/amazon-comprehend-workshop

Labs for Amazon Comprehend

Primary LanguageJupyter NotebookMIT LicenseMIT

Amazon Comprehend Workshop

Notebooks and examples on how to onboard and use various features of Amazon Comprehend Custom Classification

Getting Started Workshop

This is a place where you will find example to run Amazon Forecast workshop

Open the workshop folder to find a CloudFormation template that will deploy all the resources you need to build your Amazon Comprehend Custom Classification. The workshop provided can also serve as a template to building your own models with your own data.

In the workshop folder you will learn to:

Lab1

  1. Prepare a dataset for use with Amazon Comprehend Custom Classification bring your own dataset or use open dataset.
  2. Build models based on that dataset.
  3. Evaluate a model's performance based on real observations.

Lab2

  1. Use Amazon Comprehend via console and CLI
  2. Use Amazon Translate via console and CLI
  3. Use Amazon Trascribe via console and CLI

Process:

  1. Deploying Your Working Environment
  2. Run workshop lab to run Amazon comprehend custom classification
  3. Cleanup

That is a genereal order to this proccess. It is recommended that you clean up and delete all the resources usef for lab.

Deploying Your Working Environment

As mentioned above, the first step is to deploy a CloudFormation template that will perform much of the initial setup work for you. In another browser window or tab, login to your AWS account. Once you have done that, open the link below in a new tab to start the process of deploying the items you need via CloudFormation.

This CloudFormation template will compelte the following:

  1. Create a SageMaker Role for your Lab
  2. Create a SageMaker Notebook Instance for your Lab
  3. Clone the Workshop codebase onto the Notebook Instance.

Launch Stack

Follow along with the screenshots below if you have any questions about deploying the stack.

Cloud Formation Wizard

Start by clicking Next at the bottom like this:

StackWizard

On this page you have a few tasks:

  1. Change the Stack name to something relevant like ComprehendCCLab
  2. Change the Notebook Name (Optional)
  3. Alter the VolumeSize for the SageMaker EBS volume, default is 10GB, if your dataset is expected to be larger, please increase this accordingly.

When you are done click Next at the bottom.

StackWizard2

This page is a bit longer so scroll to the bottom to click Next. All of the defaults should be sufficient to complete the Lab, if you have custom requirements alter as necessary.

StackWizard3

Again scroll to the bottom, check the box to enable the template to create new IAM resources and then click Create Stack.

StackWizard4

For a few minutes CloudFormation will be creating the resources described above on your behalf it will look like this while it is provisioning:

StackWizard5

Once it has completed you'll see green text like below indicating that the work has been completed:

StackWizard5

Now that your environment has been created go to the service page for Sageamaker by clicking Services in the top of the console and then searching for SageMaker and clicking the service.

StackWizard5

From the SageMaker console scroll until you see the green box indicating now many notebooks you have in service and click that.

StackWizard5

On this page you will see a list of any SageMaker notebooks you have running, simply click the Open Jupyter link on the Comprehend Lab notebook you have created

StackWizard5

This will open the Jupyter environment for your lab, think of it as a web based data science IDE if you are not familiar with it. It should Automatically open the amazon-comprehend-workshop folder for you, but if it does not do that by clicking on the folder icon in the browser on the left side of the screen and follow the documentation below to get started with your Lab!

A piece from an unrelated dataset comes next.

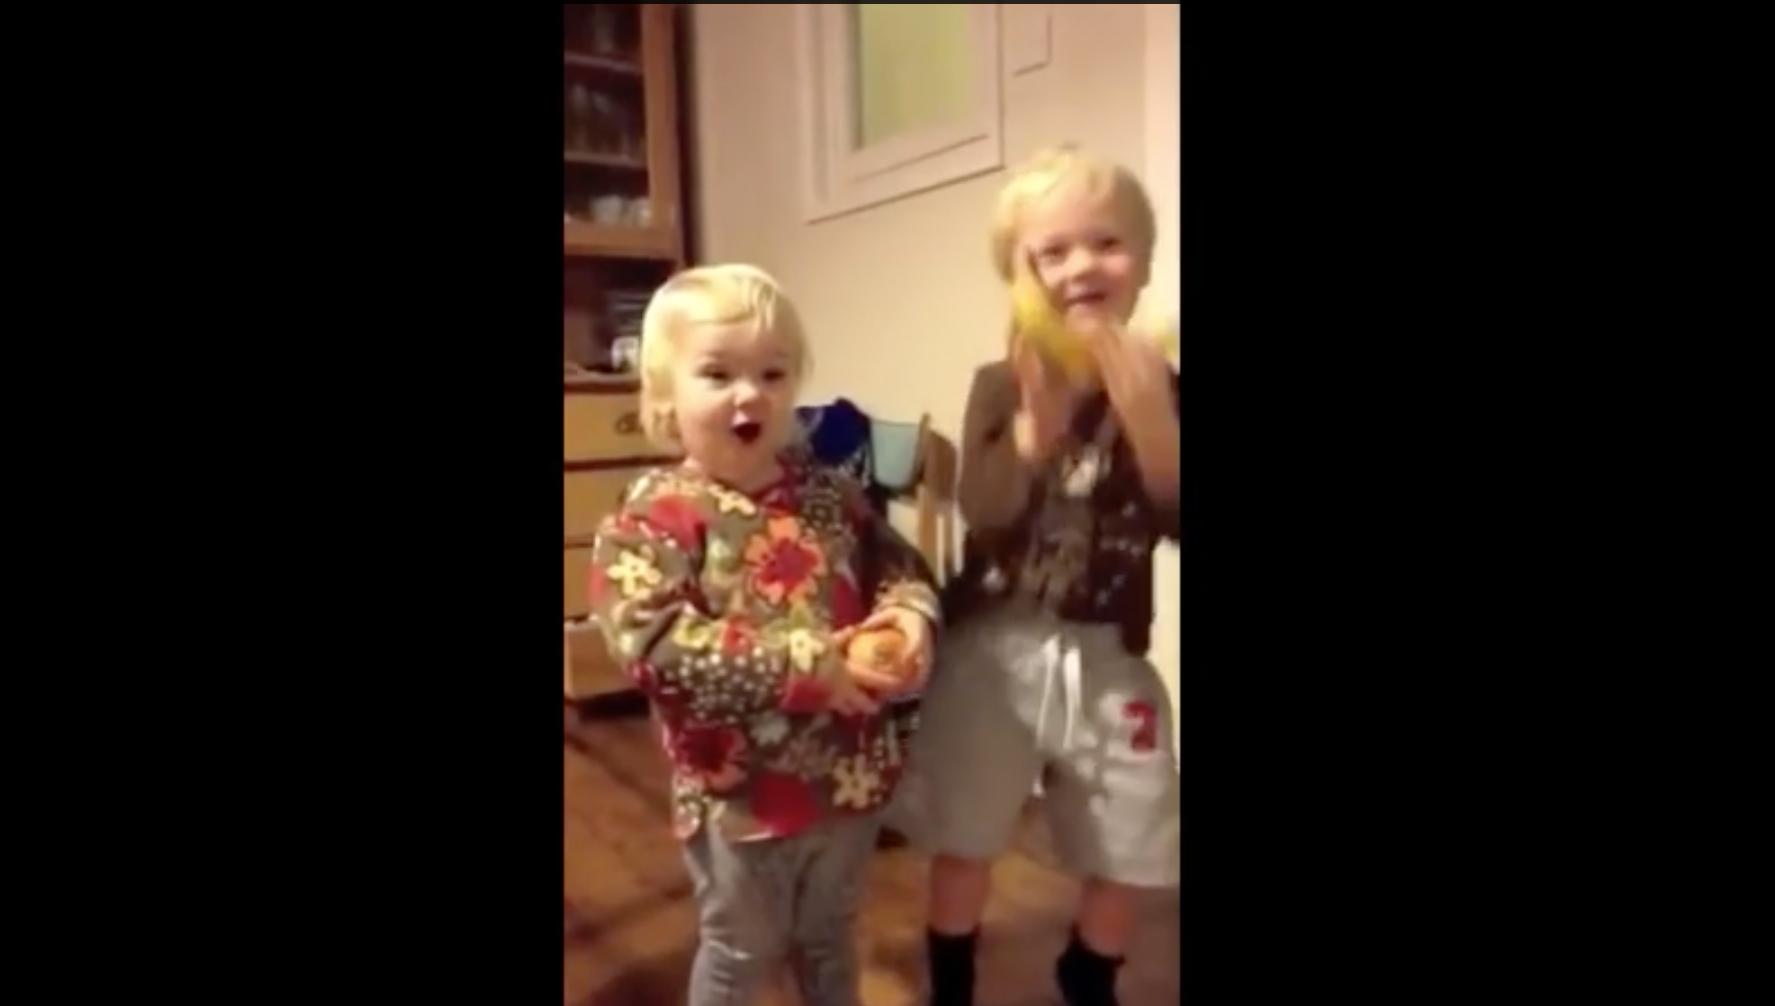 Niños reciben horrible regalo de Navidad. Foto: Youtube/Tim Cocker

Run workshop lab to run Amazon comprehend custom classification

Open amazon-comprehend-custom-classification.ipynb and follow along there.

Once this has completed you can move onto clean up.

Next Steps

The next step is to either compare the results from Comprehend against a previous approach and determine which one is more performant, if Comprehend is more performant or there is no existing system then the path to production is determining how to integrate the results with planners, analysts, or other software solutions. The data again is exportable in JSON or CSV so it is easy to develop automated procedures for this integration.

Cleanup

The scripts in this Lab provision various Comprehend, S3, and IAM resources. If you ran this Lab in your own account and would like to avoid ongoing charges related to these resources, open Cleanup.ipynb and run the cleanup scripts provided there. Wait for the scripts to complete, then tear down the CloudFormation stack you created at the beginning of these instructions.

License Summary

This sample code is made available under a modified MIT license. See the LICENSE file.